Estes sintomas podem desencadear enjôos, quedas e o comprometimento parcial ou total do equilíbrio espacial do corpo físico. Em alguns casos mais graves podem sinalizar uma labirintite ou outras doenças do labirinto, que faz parte do ouvido interno.

As vertigens são muito comuns e não são consideradas uma doença. São apenas  sintomas indicando que algo não está normal. Muitas podem ser as causas físicas que trazem a vertigem como sintoma. Mas, dentro da visão da psicossomática existem alguns entendimentos que as posturas mentais e emocionais diante da vida e da expressão natural de um indivíduo, podem desencadear sintomas como as vertigens, enjôos e, em alguns casos, até doenças do labirinto.

Como todos estes sintomas estão vinculados às situações do equilíbrio espacial do indivíduo, o paralelo não poderia ser diferente. Pode existir internamente uma falta de harmonia com  relação ao que o indivíduo sente, necessita ou quer conquistar; uma desconexão entre os propósitos e as ações ou falta de sintonia com seus desejos e escolhas. A dúvida entre escolhas polares, esse ou aquele, também pode estar associado as vertigens pelo entendimento da psicossomática. Quando o indivíduo tem dúvidas paralisantes a respeito de duas situações, o único movimento possível aparentemente é “rodar” de um ponto ao outro.

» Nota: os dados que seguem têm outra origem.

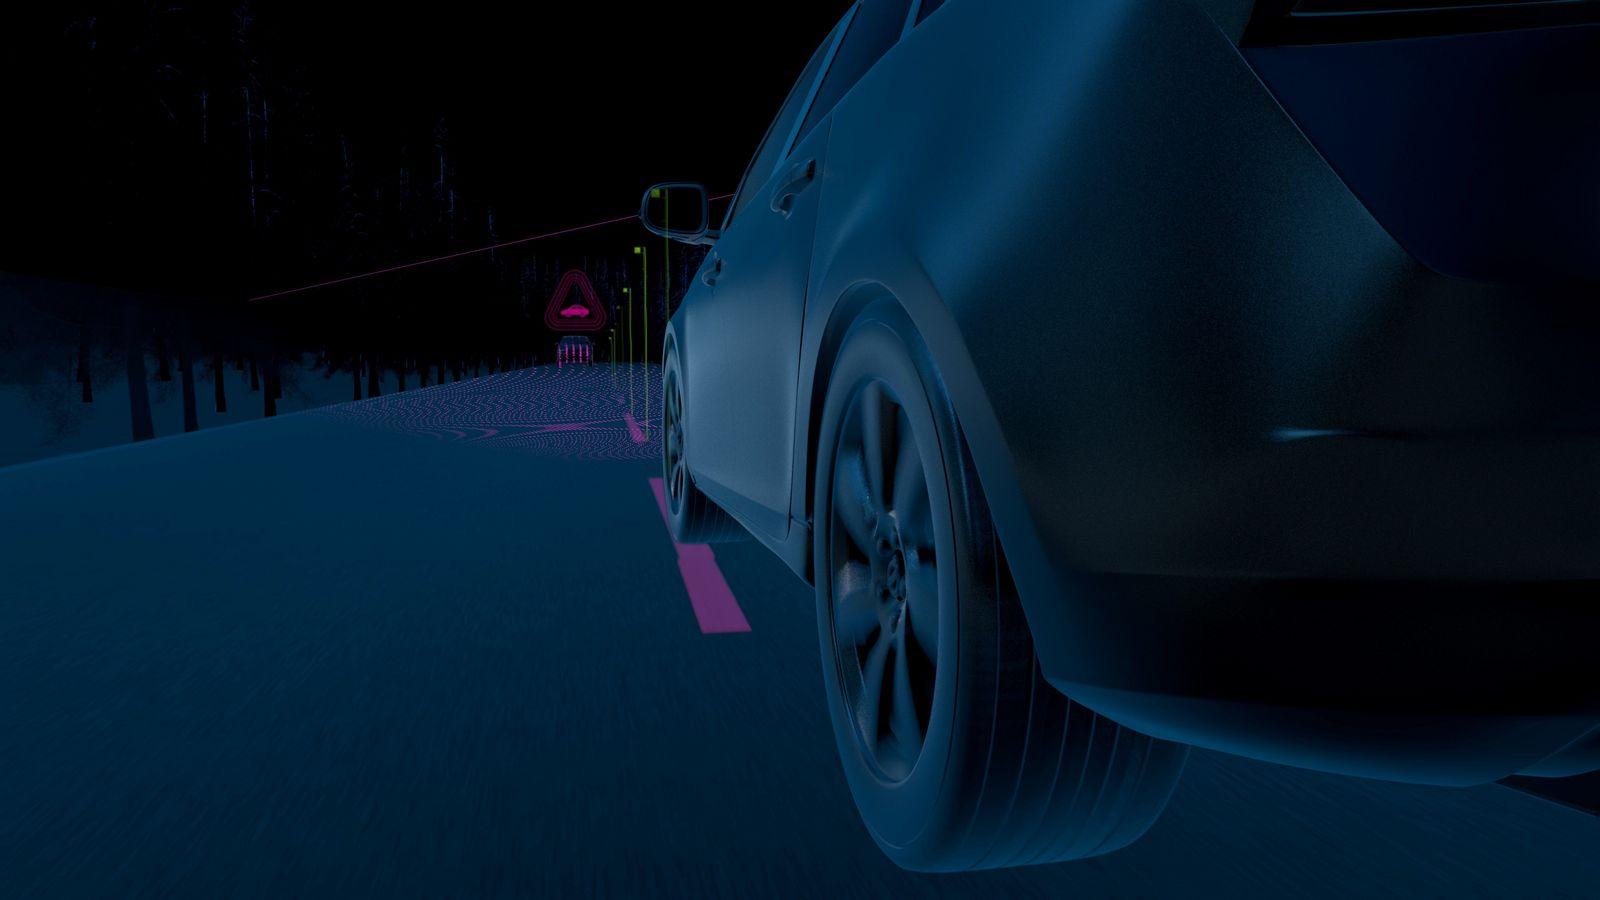 Volvo XC60 automatický vyhýbací manéver

Essa relação é tão vaga quanto são inúmeras as possibilidades de realizações e decisões de acordo com a singularidade de cada indivíduo e a partir do que a vida possibilita. Mas parece haver um fundamento nessa sugestão da psicossomática.

Somente com tempo e dentro de um processo de auto-conhecimento é possível identificar as motivações e as posturas que adotamos como normais ou “automáticas” no dia-a-dia. Entender porque paralisamos diante de algumas escolhas e acessarmos o cerne do que nos paralisa é um excelente caminho para voltar a fluir com a vida escolhendo o que é natural ou pertinente à nós.

Informações importantes:
. Florais não são medicamentos, são remédios para o autocuidado, de uso livre e sem efeitos colaterais (OMS).
. As essências florais trabalham pelo equilíbrio emocional e mental dos indivíduos, atuando no corpo físico por conseqüência desta harmonia;
. O tratamento com florais não substitui tratamentos médicos tradicionais ou vice-versa.
. As essências florais são melhor aproveitadas dentro de um tratamento terapêutico, embora a sua utilização circunstancial seja de grande benefício.
. Nunca interrompa um tratamento médico sem a anuência do seu médico.